Janik: budżet nie został "rozpaprany"
Szef klubu parlamentarnego SLD Krzysztof Janik uważa, że brak poparcia w Sejmie dla ważnej poprawki do budżetu świadczy tylko o odpowiedzialności tych, którzy przeciwko niej głosowali.
Rząd przegrał głosowanie nad senacką poprawką dotyczącą dotacji do przewozów regionalnych PKP. Stało się tak za sprawą posłów z nowo utworzonego w Sejmie Federacyjnego Klubu Parlamentarnego. W jego skład weszli posłowie z Koła Partii Ludowo-Demokratycznej Romana Jagielińskiego, które zerwało dziś koalicję parlamentarną z SLD i Unią Pracy i zawiązało klub parlamentarny z Kołem Polskiej Racji Stanu, w którym skupieni są byli posłowie Samoobrony.
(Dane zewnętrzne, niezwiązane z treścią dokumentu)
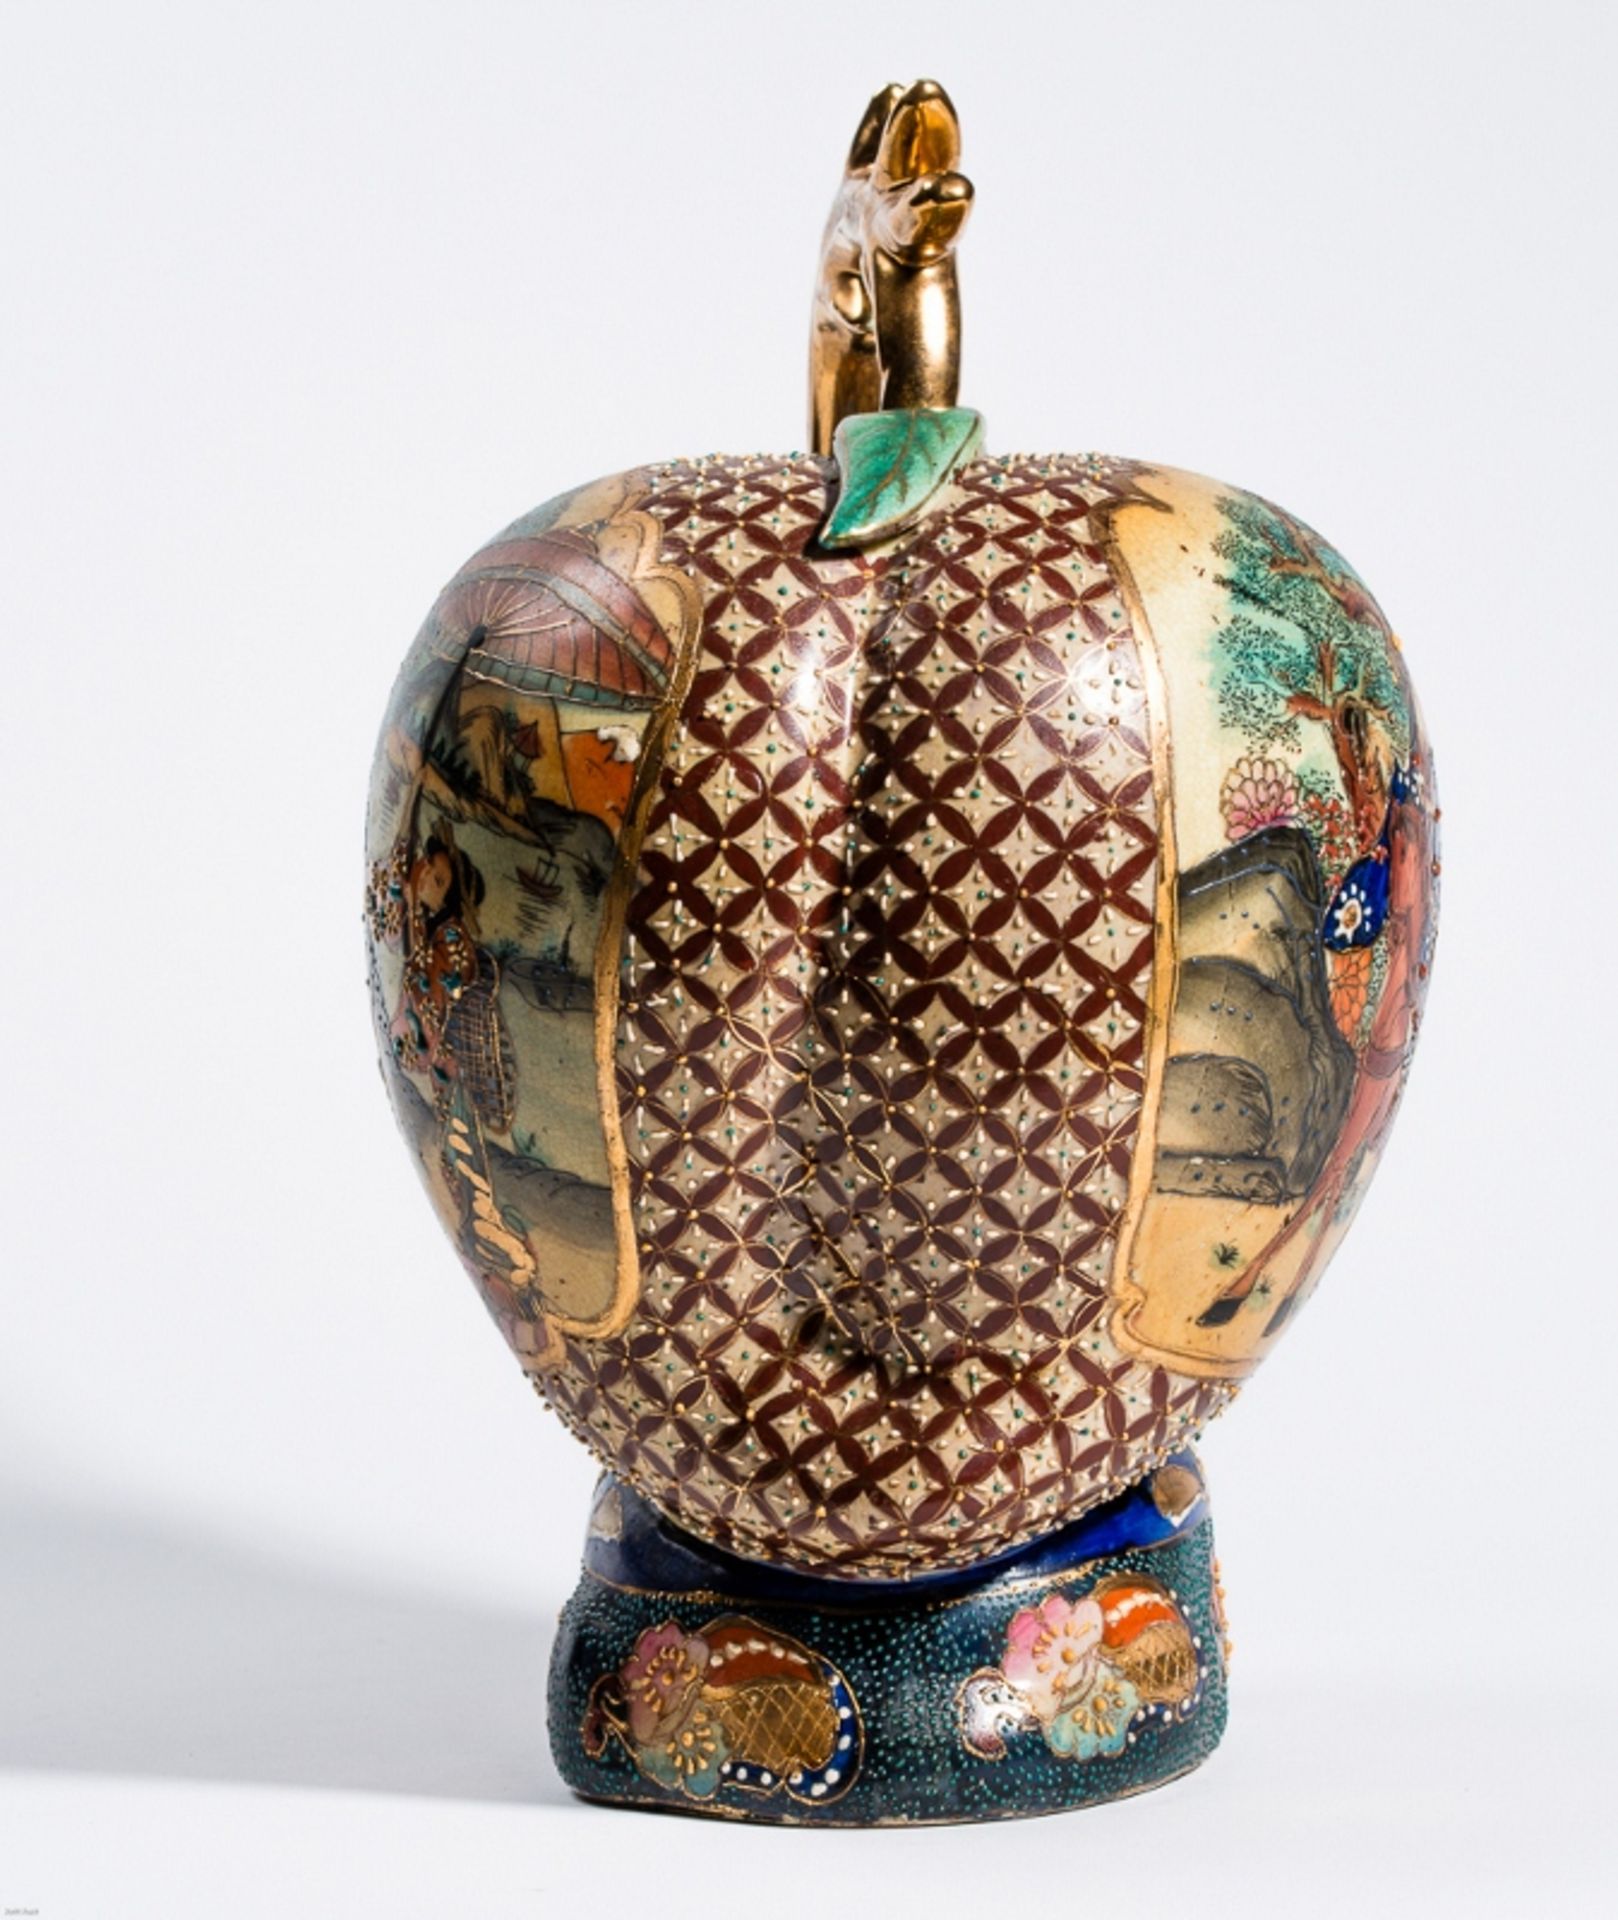 GROSSER LANGLEBENS-PFIRSICH MIT GOTTHEIT
In der Art der japan. Satsuma-Keramik mit Gold. ChinaEine - Bild 6 aus 8

Krzysztof Janik poproszony przez dziennikarzy o komentarz powiedział, że jaka jest sytuacja, wszyscy widzą. Podkreślił, że budżet państwa został zepsuty, ale na szczęście - jak sie wyraził - "nie rozpaprany". Dodał, że rząd spróbuje dać sobie z tym radę. Janik zaznaczył jednak, że budżet został przyjęty. Dodał, że teraz ważne jest pytanie, jak w głosowaniach znacznie trudniejszych jak dzisiejszy budżet zachowają się partie, które szczycą się odpowiedzialnością za państwo.
Dziennikarze pytali, czy nie stoi pod znakiem zapytania przyjęcie planu wicepremiera Hausnera. "Nie wiem, to są spekulacje, odpowiem na nie za kilka dni" - powiedział Janik. Zapytany, czy SLD będzie pertraktować z Romanem Jagielińskim, który nie wyklucza współpracy - Krzysztof Janik odpowiedział po krótkim zastanowieniu: "Niech czeka".